The streets were dark with something more than night…

Ahhhh, neo-noir, how I do love it.

As planned I’ve seen both Hollywoodland and The Black Dahlia in the past two weekends. Both movies that visit the sacred ground of Chandler, Hammett, and a hundred low-budget RKO crime pictures. That mythic Los Angeles of the 30s-50s, as it existed only in the imagination….beautiful but rotten inside. Sunbaked, but dark as sin. Where the Santa Ana winds blow the dirt and grime back into the city instead of cleansing it out. A place where people and dreams go to die and/or be killed in sordid and mysterious ways. Ahhhhhh…it makes me feel good all over…

But enough of that. I like the genre, you get the picture. ;)

Hollywoodland tells the story of George Reeves, tv’s Superman, and his sordid and mysterious death. It was ruled suicide at the time, but there were enough strange details to raise questions about possible murder. Hollywoodland presents a whole smorgasboard of possible suspects, motives, options, and outcomes, but leaves it all open-ended for the viewer to ponder and decide. If you want a tidy wrap-up, look elsewhere. But like the best of noir, the “solution” to the mystery isn’t the point…instead the beauty of the tale lies in the style of the telling, and Hollywoodland has style in buckets.

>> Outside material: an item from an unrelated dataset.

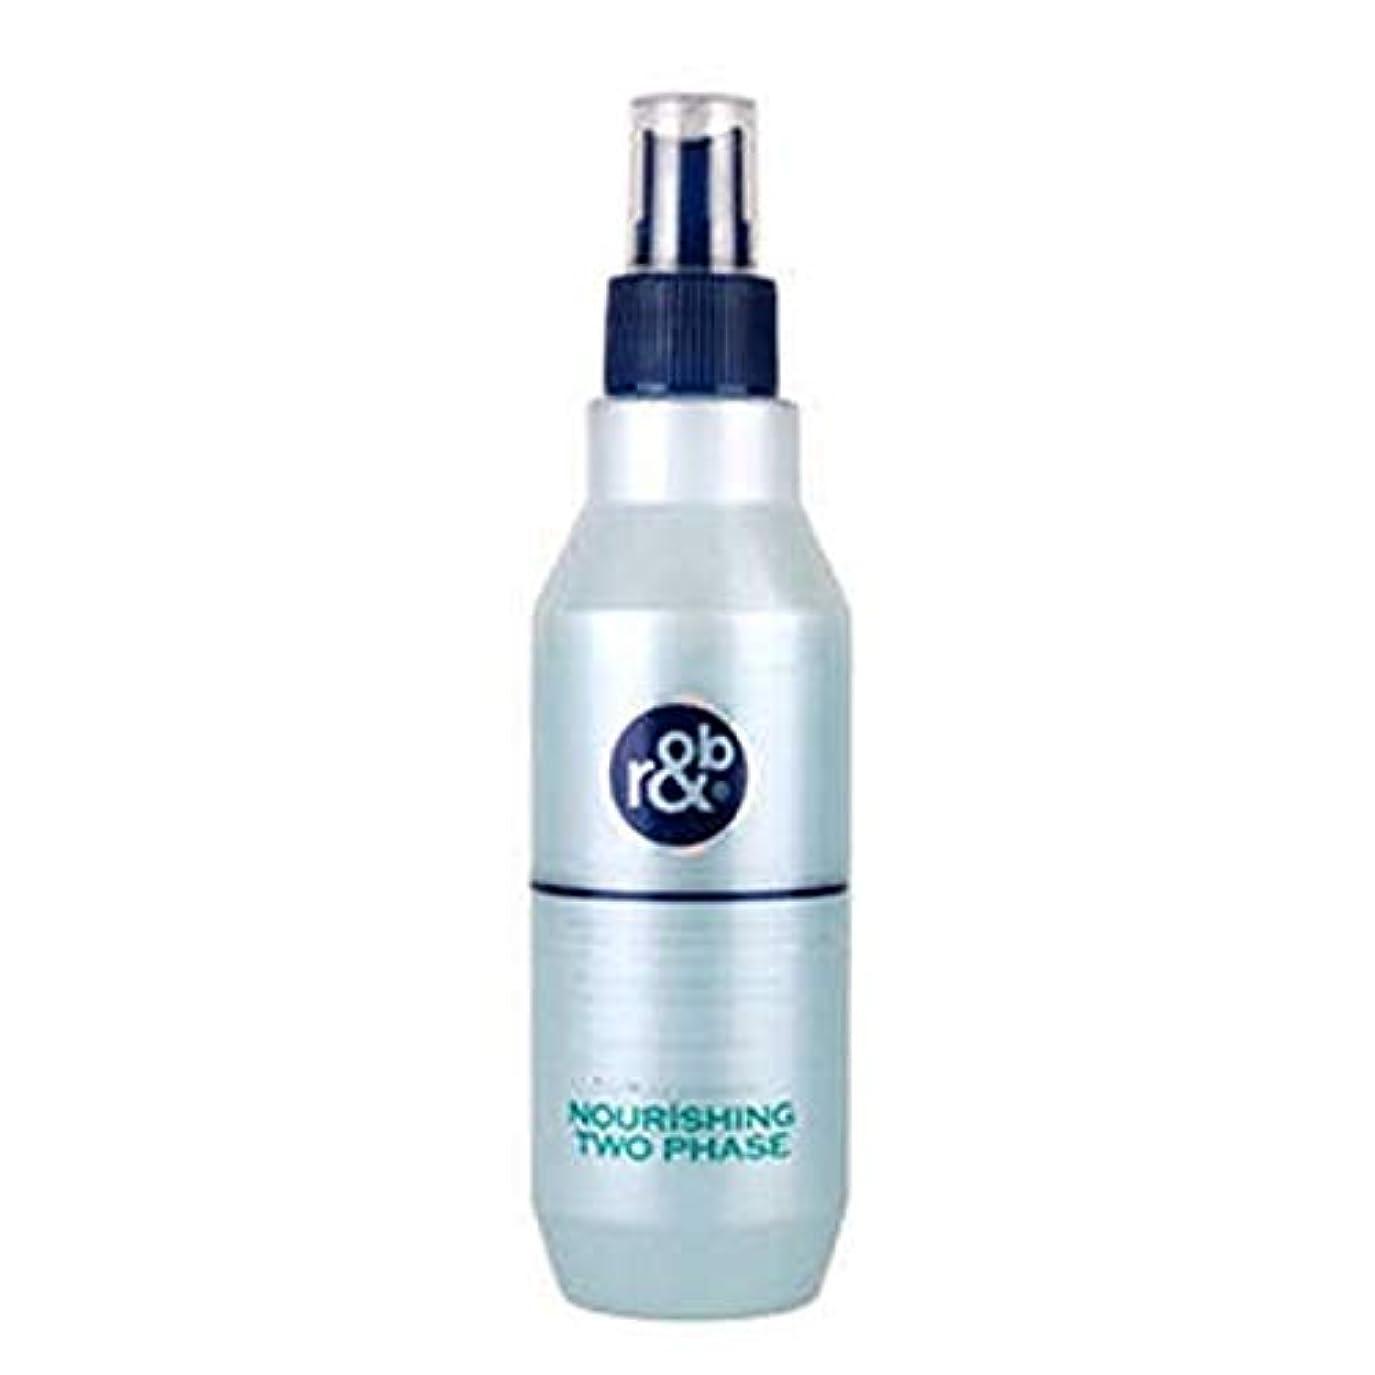 外国人物語現れるフィトン セラピー ナリッシング 2 段階 250ml - アウトバス ヘア コンディショナー ( Phyton Therapy Nourishing Two Phase 250ml - leave in Hair Conditioner...

I couldn’t concentrate on the movie at first because I was so overwhelmed by the beauty and period accuracy of the set dressing, the clothes, the furniture, OMG it was so perfect….

And the actors had style, too. I don’t think Hollywoodland would have been half as good without it’s fine cast. These folks really helped to suck you in, make it real, keep you thinking about the movie well after it ended. I didn’t think I’d buy Adrien Brody as a p.i….he just doesn’t look like one. But he nailed it. His character, a down-on-his-luck investigator named Louis Simo, is a sleazeball, an opportunist, muck-raker, yet wounded. Brody allows the audience to see it all. Simo’s character is a parallel to George Reeves, who is also presented as a ruthless climber up the Hollywood ladder, who keeps getting kicked off of the rungs. Embarassed about his status as a kept man and a kiddie icon in a cheap TV series, his pride is his stumbling block. He takes the money from the Superman gig, but he hates himself for it. He thinks he should be a “serious Actor.” Not really suprisingly, Ben Affleck is perfect as Reeves. Big no-talent dope portrays big no-talent dope.

Speaking of losers, The Black Dahlia was a big disappointment. Brian DePalma should never be allowed to direct another movie. Or he should certainly never be allowed to direct noir. Noir requires subtlety. Whereas DePalma turned Dahlia into a big, loud (oh, the score was SO bad!), grotesque, garish, over-the-top mess. And boring on top of it all. And with bad acting. Hillary Swank behaves like a female female-impersonator. Josh and Scarlett, even though they are close in age to what Mitchum was when he made Out of the Past and Bacall when she made The Big Sleep, look like freshmen in a school play. It’s hard to believe how in 60 years, a 20 year old woman can go from being perceived as a mature adult (Bacall) to a sorority chick (Scarlett.) I don’t understand it, but it will make you fret about “those kids today.” It will also make you run to your DVD collection to watch some real noir to cleanse Black Dahlia from your mind. You don’t even have to go back that far in time to find a better movie. L.A. Confidential, also based upon a James Ellroy novel, is ten times the movie Black Dahlia is.

Oh to hell with it. I don’t even feel like bothering. Just read this guy’s review. Ok, I didn’t think it was THAT bad, but Lord, it wasn’t good.